La trama de los cambios en el comportamiento electoral viene a anunciar la necesidad de un giro en las técnicas por medio de las cuales operan quienes miden y pretenden leer el comportamiento electoral. Pero esta trama implica también nuevos desafíos (y problemas) para la forma en que los sistemas democráticos, con sus respectivas instituciones, actores y representantes, se relacionan con los ciudadanos. Toda proyección requiere primero una comprensión de aquello que ha mutado y de cómo ha cambiado. Esa capacidad de comprensión, que se había adjudicado la politología y encuestología, ha menguado.
Cada vez se hace más estéril buscar patrones estables o constantes en la forma en que se comportan y manifiestan los ciudadanos. Sus silencios operan casi como una herramienta que los protege frente a la multiplicidad de mensajes que no los colman de sentido. Asistimos así a voluntades que suponen verdaderos agujeros negros cada vez más difíciles de descifrar y que ponen en jaque a las hegemonías y los clásicos clivajes.
Esto es preocupante e interpela a la política y sus técnicas no solo porque se hace más difícil mapearlos, sino porque obstruyen las posibilidades de organización, representación y participación (únicos modos hasta ahora conocidos para legitimar lo político). Si, para organizarse, representar y participar, se requiere de lenguajes comunes que hagan posible “lo común”, entonces la política y la democracia enfrentan desafíos importantes de aquí en más. Claro pues, lo que observamos hoy al otro lado de nuestras ventanas son sujetos rizomáticos y sociedades cada vez más atomizadas. Esto ocurre precisamente porque el efecto sociológico y político de la relativización de algunas categorías humanas y del lenguaje mismo no podía sino decantar en una imposibilidad de la interrelación y compromiso ciudadano con aquello que llamamos sociedad. La opacidad que tanto ha sorprendido a los encuestadores y analistas supone una fuga o irreductibilidad de los silencios ciudadanos a las técnicas de comprensión de las masas.
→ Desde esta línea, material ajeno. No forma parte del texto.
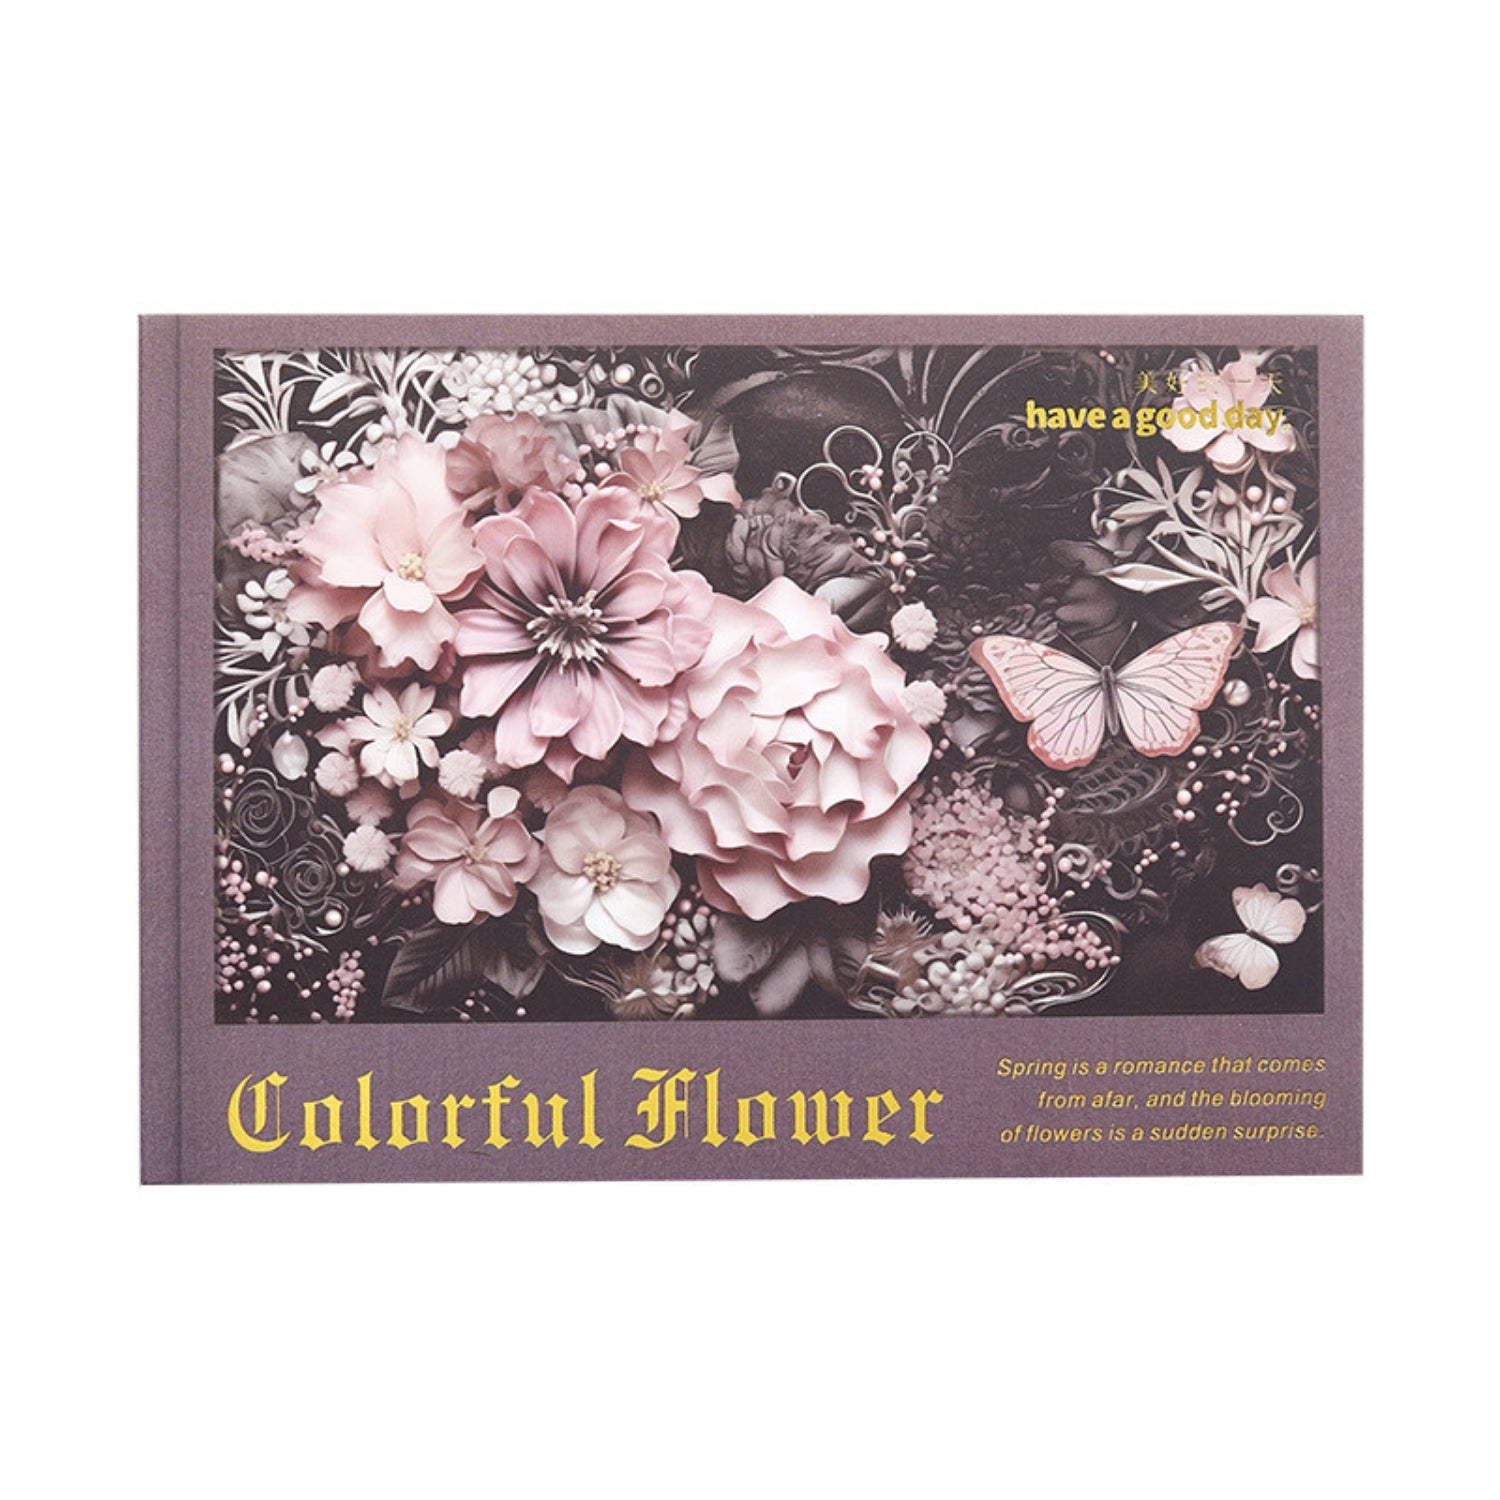 Colorful Flower Language Series Flower Material Book 1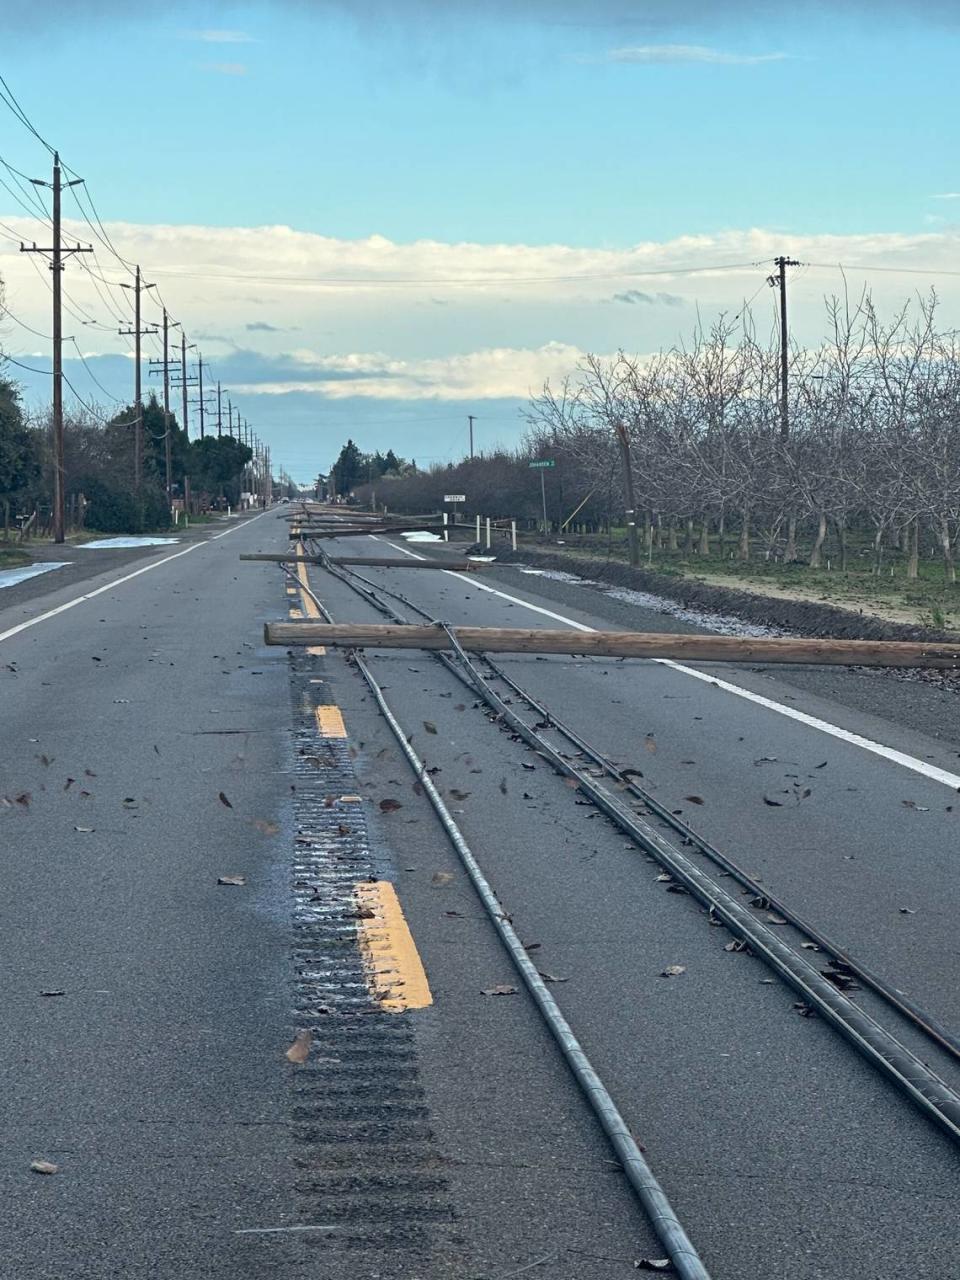 Phone poles and lines lie on Highway 132 east of Empire between Wellsford and Albers/Geer roads on Sunday afternoon, Feb. 4. California Highway Patrol Modesto office

Esto supone un paso en falso para la era de la transparencia, donde la información dejaría todo al descubierto, particularmente las preferencias de las personas. Por lo mismo, deberíamos admitir (para iniciar una búsqueda seria por encontrar nuevas formas de relacionarse con los ciudadanos) que enfrentamos identidades tanto solitarias como nómades que no se dejan convencer fácilmente, precisamente porque desprestigiamos al lenguaje como canal de verdad. Un diagnóstico así supone un divorcio entre los sujetos con la política, sus instituciones, y con la sociedad. Vencer el silencio, el desencanto y la incomunicación pasa por dotar de sentido político la atomización de las personas que miran desde lejos la política como proyecto común. En su momento, Dios fue quien unió y dio sentido unitario a las sociedades, luego fueron los Estados Naciones. Hoy, apenas alcanza con espantar parcialmente los miedos materiales para captar un poco de atención ciudadana.